▶ [Aim of the task] Leave out the pictures and reproduce all of the data exactly.

▶ [Given material]

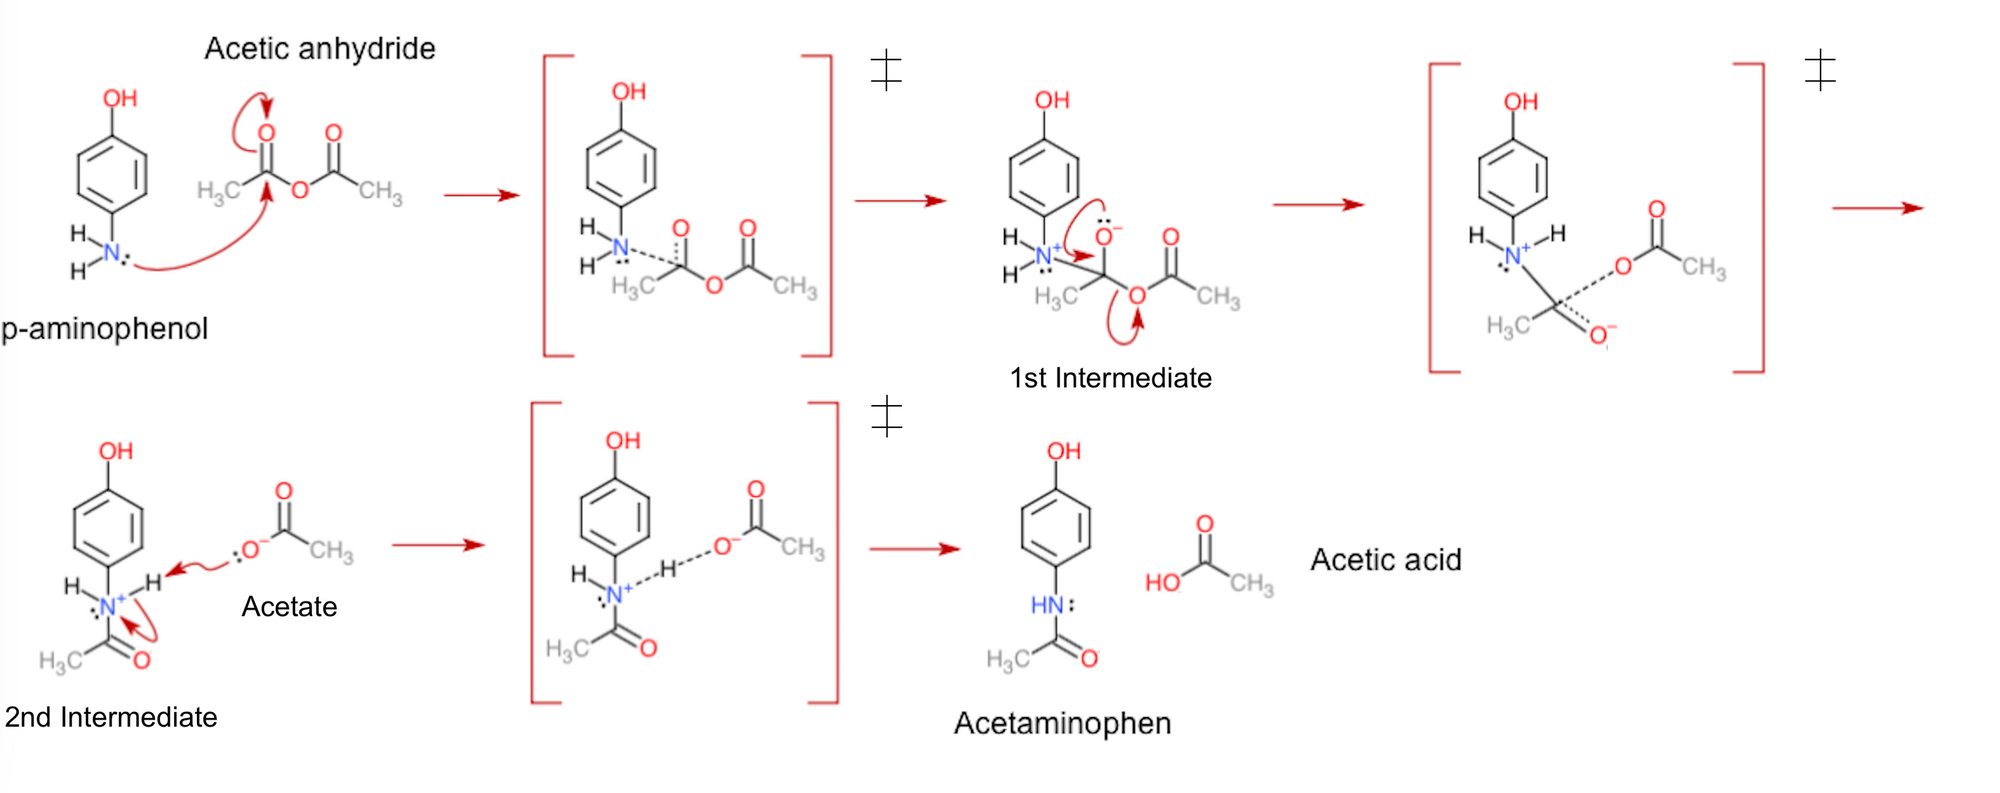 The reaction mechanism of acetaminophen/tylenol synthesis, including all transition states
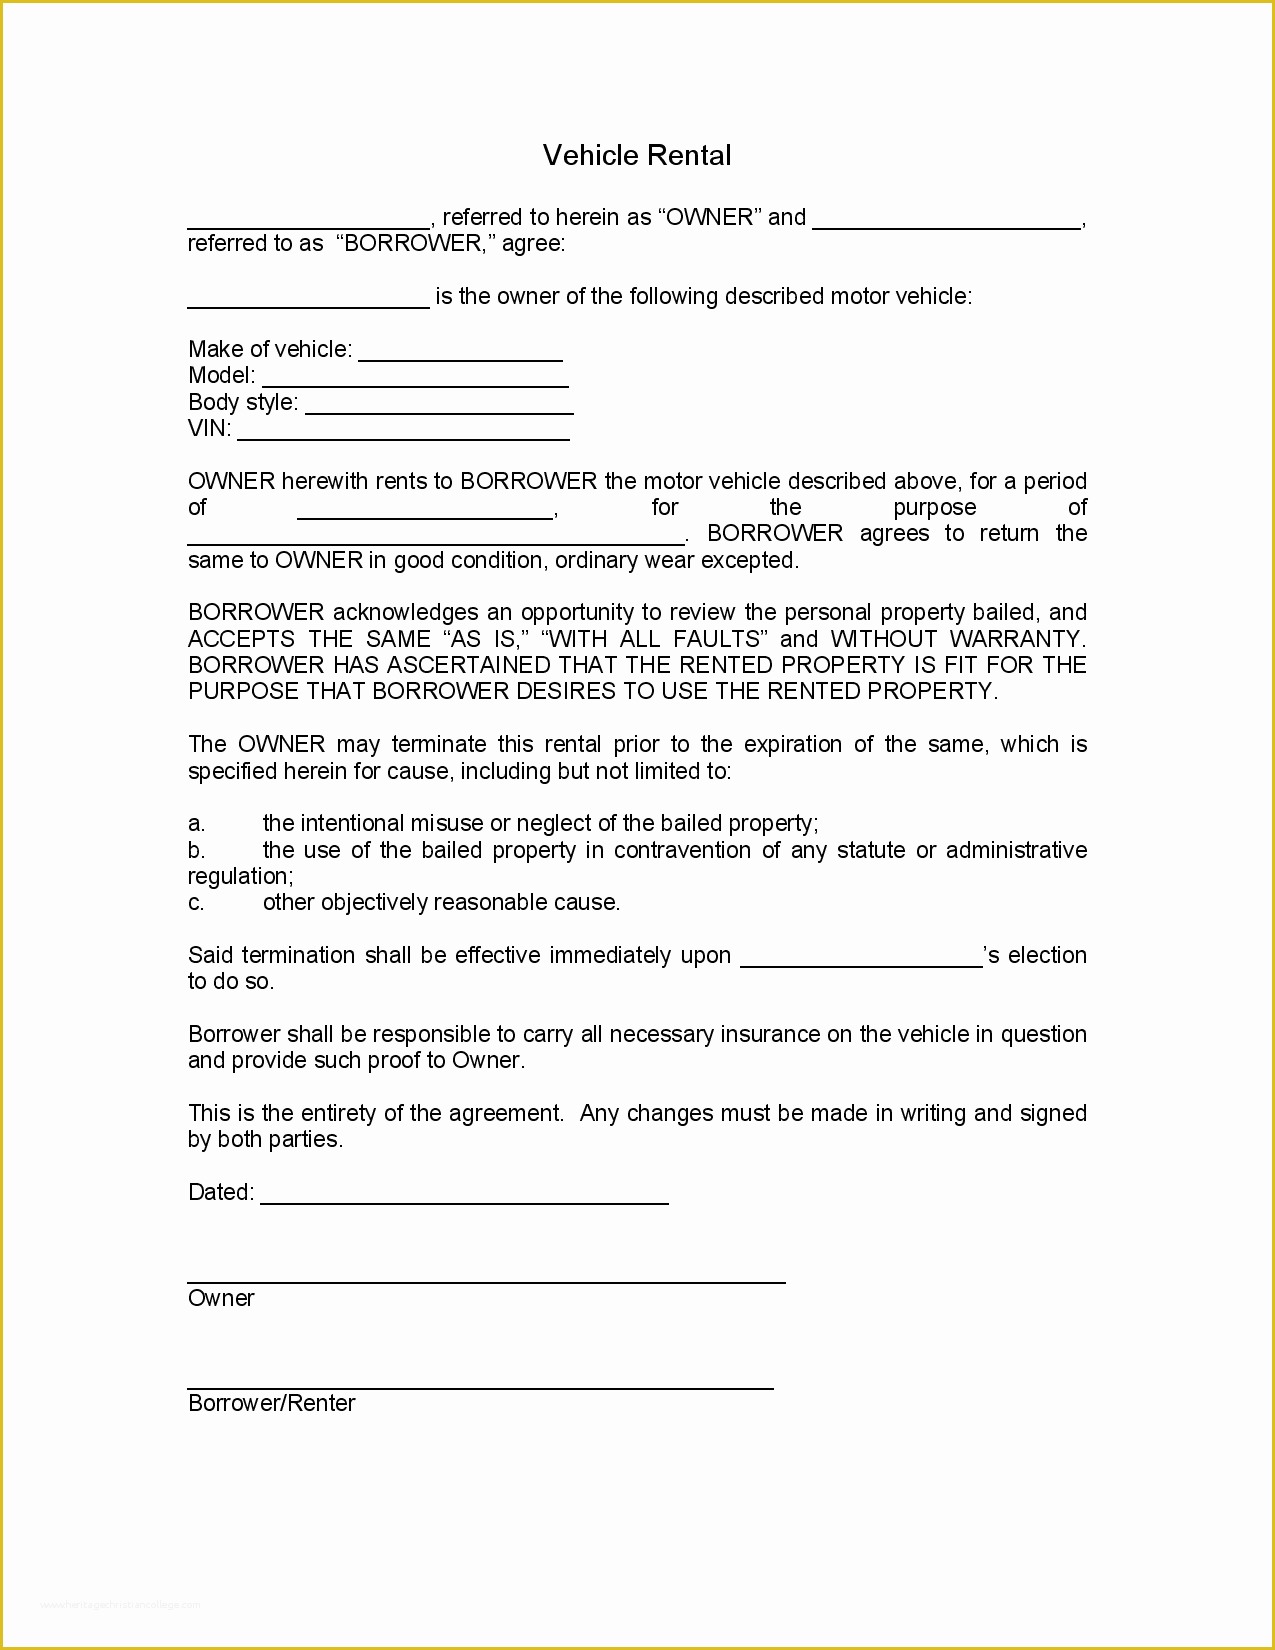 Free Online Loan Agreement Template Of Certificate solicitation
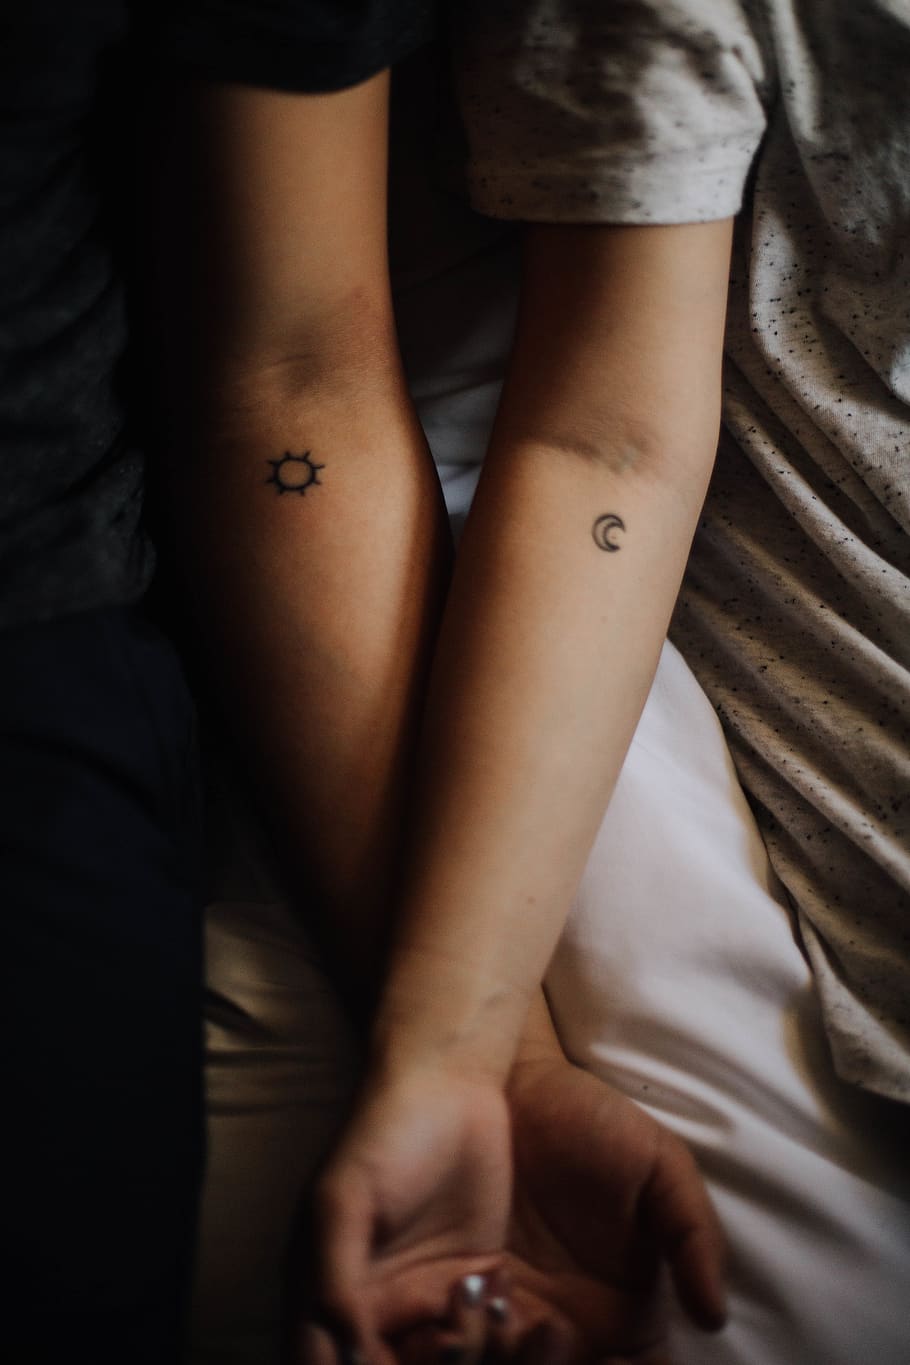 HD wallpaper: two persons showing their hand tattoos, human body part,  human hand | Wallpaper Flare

▶ [Written solution]
 The reaction mechanism of acetaminophen/tylenol synthesis, including all transition states
 Free Online Loan Agreement Template Of Certificate solicitation
 HD wallpaper: two persons showing their hand tattoos, human body part,  human hand | Wallpaper Flare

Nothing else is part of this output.